When statisticians get quoted on the lottery it’s pretty boring, even if we can stop ourselves mentioning the Optional Stopping Theorem.

This week, though, John Oliver took on the US state lotteries: “..,more than Americans spent on movie tickets, music, porn, the NFL, Major League Baseball, and video games combined. “

October 13, 2014

Context from everyday units

From @JohnDonoghue64 on Twitter


From the Guardian, a few years ago

Perhaps, as with metric and imperial measurements, such comparisons should be given convenient abbreviations: SoWs (size of Wales), SoBs (size of Belgium), OSPs (Olympic swimming pools), DDBs (buses) and so on.
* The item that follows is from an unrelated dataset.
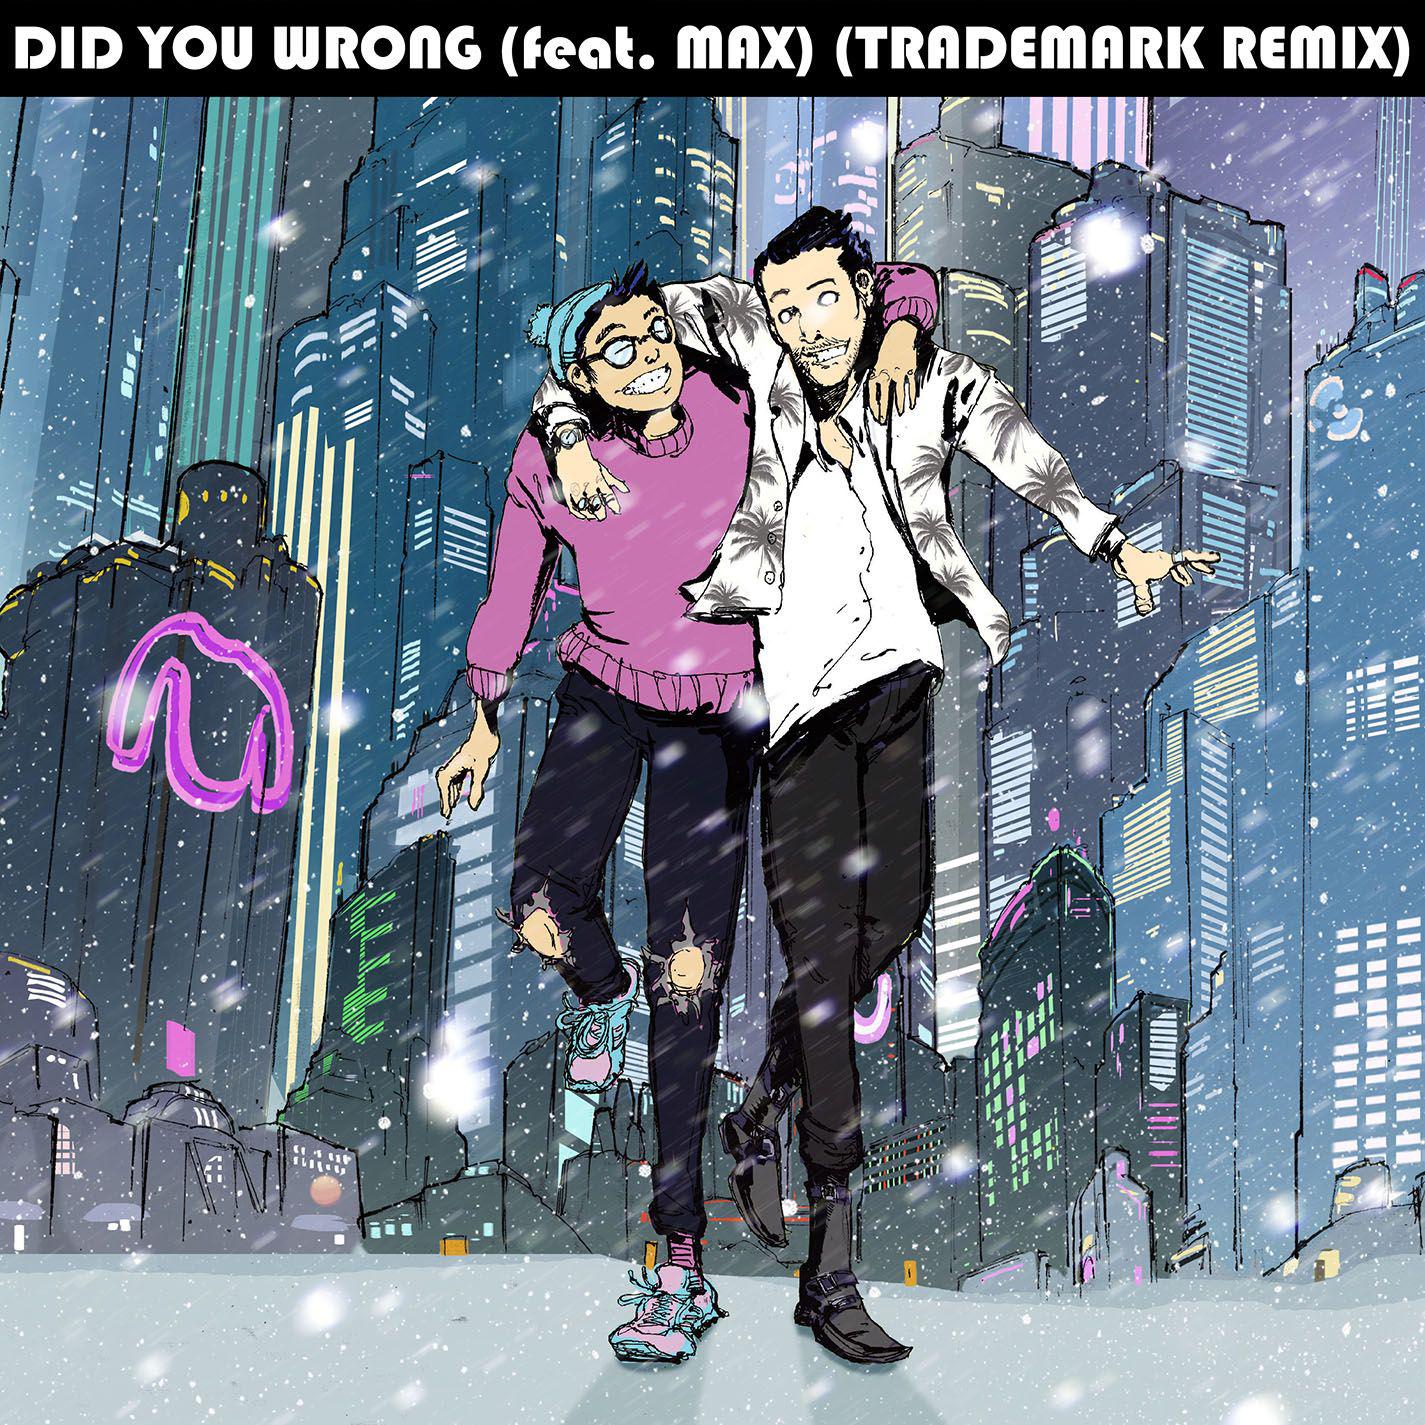 Did You Wrong (Trademark Remix)

Thus the Kruger national park in South Africa measures 1 SoW (Daily Telegraph), as do Lesotho (London Evening Standard) and Israel (Times), whereas Lake Nzerakera in Tanzania is 2 SoBs (Observer).

At times the most carefully calibrated calculations can go awry. So we learn that Helmand province in Afghanistan is “four times the size of Wales” (Daily Telegraph, 2 December 2009) only to find a few weeks later that it has apparently shrunk to “the size of Wales” (Daily Telegraph, 29 January 2010).
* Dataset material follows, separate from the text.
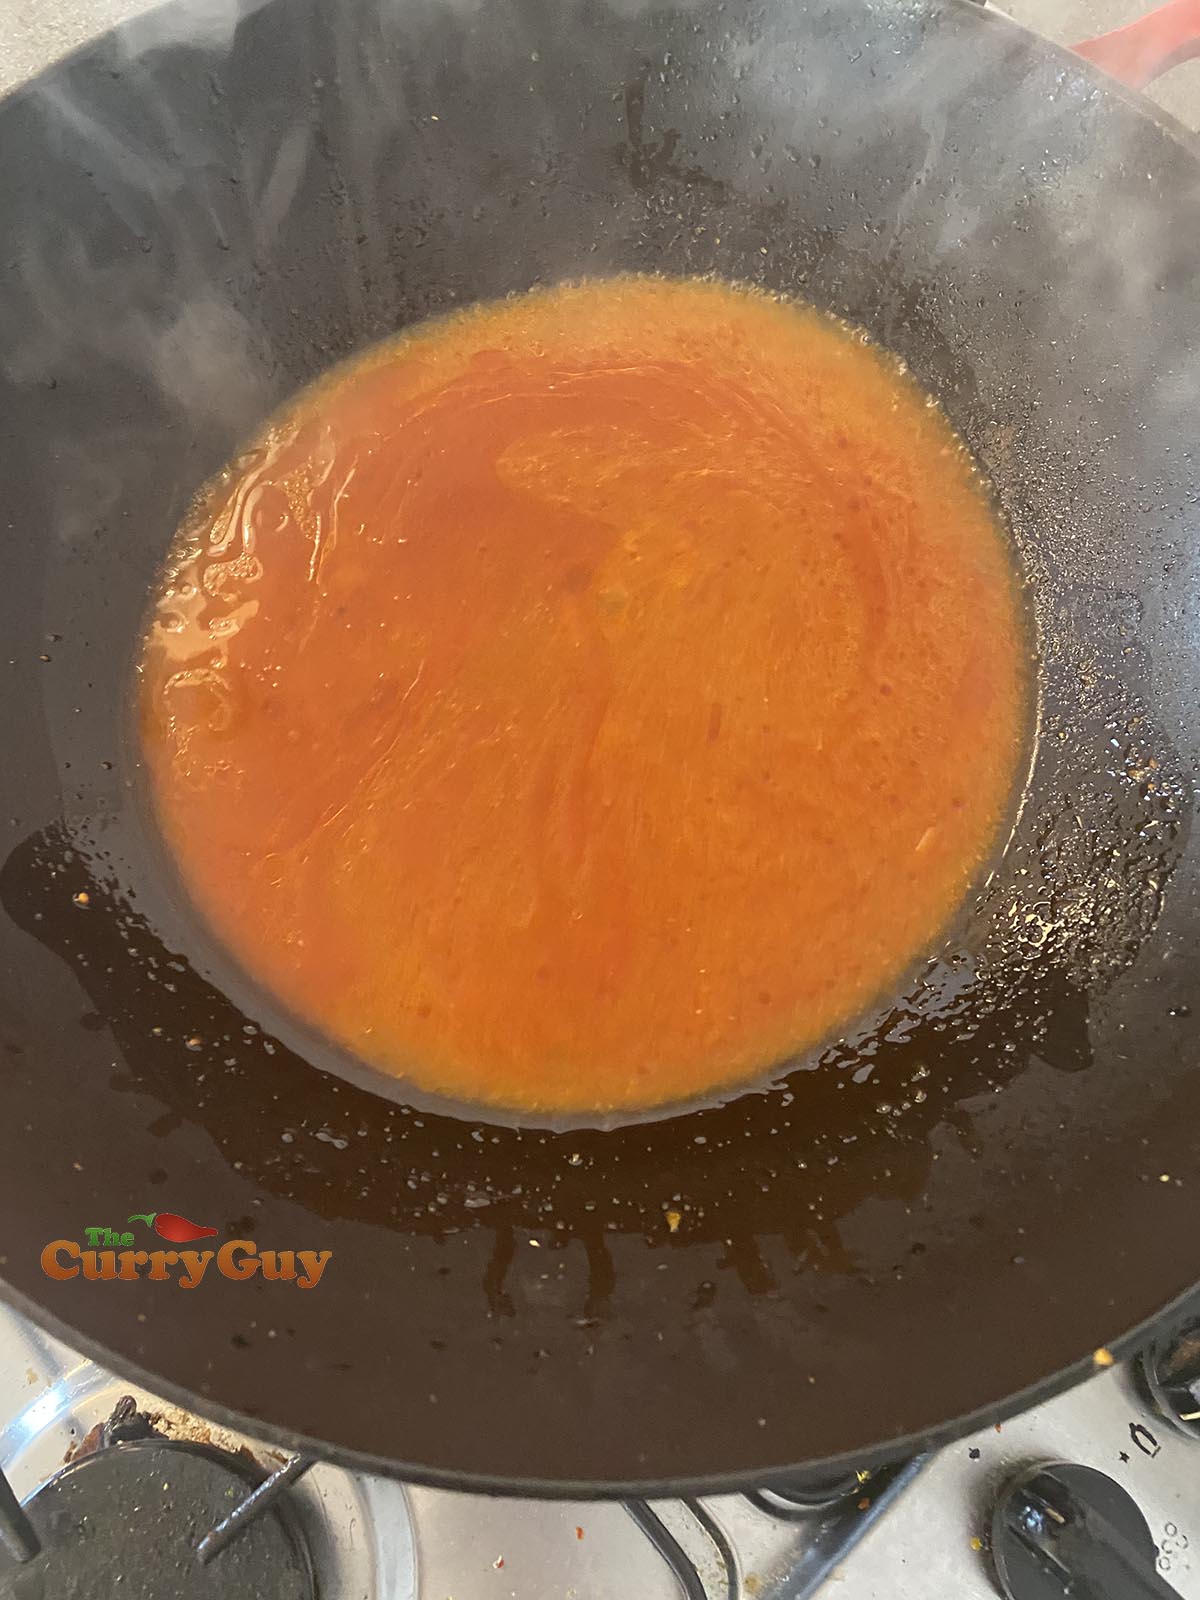 Simmering sauce

For the benefit of NZ readers, a badger appears to weigh about the same as three female North Island brown kiwi, two typical merino fleeces, or half a case of Malborough sav blanc. That should help you get a grasp on the size of the Lindisfarne Gospels.

September 24, 2014

That’s just a guess


While it’s nowhere near as annoying as Phoenix Organics “Don’t drink science“, Charlie’s could do better than ‘just a guess’ as to whether there are a million oranges in this truck

If there are ten oranges in a litre of juice, there are ten thousand in a cubic metre of juice, so a million oranges would make 100 cubic metres of juice. The little juice bottles probably don’t pack that efficiently, so you’d need more than 100 cubic metres of truck.

So, how big is a truck?  A standard twenty-foot container is 6.1m long, 2.44m wide, and 2.59m high, with a volume of 38.5 cubic metres.  That truck doesn’t look three times as big as a twenty-foot container to me.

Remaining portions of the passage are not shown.